▸ **Your objective**
Look for the word "delle" in the entries and copy every line where it shows up.

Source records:
------------------------
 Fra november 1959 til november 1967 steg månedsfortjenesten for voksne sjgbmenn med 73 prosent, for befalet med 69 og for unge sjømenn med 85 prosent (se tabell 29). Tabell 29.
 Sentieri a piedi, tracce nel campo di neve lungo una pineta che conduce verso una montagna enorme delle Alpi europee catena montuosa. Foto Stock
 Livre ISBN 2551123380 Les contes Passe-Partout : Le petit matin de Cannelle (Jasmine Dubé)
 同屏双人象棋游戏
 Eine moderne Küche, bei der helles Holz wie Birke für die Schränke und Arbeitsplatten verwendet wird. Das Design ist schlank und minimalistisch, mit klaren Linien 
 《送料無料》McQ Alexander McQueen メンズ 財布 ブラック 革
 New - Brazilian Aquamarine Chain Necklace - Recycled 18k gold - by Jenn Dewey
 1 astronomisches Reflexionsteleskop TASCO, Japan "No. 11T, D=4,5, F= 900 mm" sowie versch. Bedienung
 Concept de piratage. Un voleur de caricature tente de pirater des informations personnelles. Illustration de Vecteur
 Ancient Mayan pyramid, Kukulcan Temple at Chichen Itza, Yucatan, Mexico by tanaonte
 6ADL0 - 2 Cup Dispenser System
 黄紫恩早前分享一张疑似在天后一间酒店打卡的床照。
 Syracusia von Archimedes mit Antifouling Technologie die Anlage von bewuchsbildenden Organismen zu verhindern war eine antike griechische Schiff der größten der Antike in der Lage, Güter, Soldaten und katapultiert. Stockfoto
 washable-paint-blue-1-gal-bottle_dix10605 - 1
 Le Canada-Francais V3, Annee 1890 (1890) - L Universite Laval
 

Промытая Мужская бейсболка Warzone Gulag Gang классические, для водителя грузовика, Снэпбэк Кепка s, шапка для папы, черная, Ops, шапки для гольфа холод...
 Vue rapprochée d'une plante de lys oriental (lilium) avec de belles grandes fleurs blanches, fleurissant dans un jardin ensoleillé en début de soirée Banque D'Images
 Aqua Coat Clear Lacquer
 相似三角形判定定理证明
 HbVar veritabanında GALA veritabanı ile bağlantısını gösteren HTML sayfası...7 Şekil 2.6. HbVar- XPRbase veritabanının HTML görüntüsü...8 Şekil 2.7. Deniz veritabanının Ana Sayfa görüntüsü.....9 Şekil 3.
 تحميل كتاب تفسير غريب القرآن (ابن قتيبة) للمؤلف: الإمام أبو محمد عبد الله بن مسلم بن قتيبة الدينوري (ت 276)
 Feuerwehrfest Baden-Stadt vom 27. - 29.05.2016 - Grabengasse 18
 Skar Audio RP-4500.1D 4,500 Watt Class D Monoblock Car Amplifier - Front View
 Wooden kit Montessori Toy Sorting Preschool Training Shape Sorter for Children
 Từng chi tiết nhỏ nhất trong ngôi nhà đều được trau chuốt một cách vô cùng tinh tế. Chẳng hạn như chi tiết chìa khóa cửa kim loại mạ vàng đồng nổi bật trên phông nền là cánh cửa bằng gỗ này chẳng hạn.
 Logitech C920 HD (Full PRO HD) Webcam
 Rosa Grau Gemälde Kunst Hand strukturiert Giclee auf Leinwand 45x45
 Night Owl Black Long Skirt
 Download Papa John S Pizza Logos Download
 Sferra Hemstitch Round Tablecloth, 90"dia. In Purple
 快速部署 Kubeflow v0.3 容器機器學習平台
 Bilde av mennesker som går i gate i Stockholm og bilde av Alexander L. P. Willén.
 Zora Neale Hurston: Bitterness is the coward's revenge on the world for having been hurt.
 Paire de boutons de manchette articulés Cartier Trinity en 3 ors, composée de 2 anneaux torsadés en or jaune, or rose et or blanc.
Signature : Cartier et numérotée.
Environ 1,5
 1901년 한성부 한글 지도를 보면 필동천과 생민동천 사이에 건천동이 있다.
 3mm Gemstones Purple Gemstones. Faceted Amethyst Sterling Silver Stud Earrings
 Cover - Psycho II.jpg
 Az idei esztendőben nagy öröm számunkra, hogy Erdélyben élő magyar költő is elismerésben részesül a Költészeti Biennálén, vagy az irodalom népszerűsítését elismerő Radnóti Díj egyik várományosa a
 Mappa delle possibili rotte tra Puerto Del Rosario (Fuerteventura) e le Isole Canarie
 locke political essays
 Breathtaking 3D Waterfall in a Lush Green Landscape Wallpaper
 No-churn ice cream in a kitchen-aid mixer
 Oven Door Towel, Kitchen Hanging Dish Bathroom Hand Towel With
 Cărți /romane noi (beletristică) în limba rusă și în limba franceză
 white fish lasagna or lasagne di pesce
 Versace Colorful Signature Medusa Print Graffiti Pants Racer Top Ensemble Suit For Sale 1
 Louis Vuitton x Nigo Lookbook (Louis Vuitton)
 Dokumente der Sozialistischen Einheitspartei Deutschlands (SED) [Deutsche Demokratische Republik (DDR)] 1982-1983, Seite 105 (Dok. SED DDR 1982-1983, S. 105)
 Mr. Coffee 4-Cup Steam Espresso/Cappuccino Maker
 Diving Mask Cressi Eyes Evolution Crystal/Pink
------------------------
▸ **Problem solution**
 Sentieri a piedi, tracce nel campo di neve lungo una pineta che conduce verso una montagna enorme delle Alpi europee catena montuosa. Foto Stock
 Mappa delle possibili rotte tra Puerto Del Rosario (Fuerteventura) e le Isole Canarie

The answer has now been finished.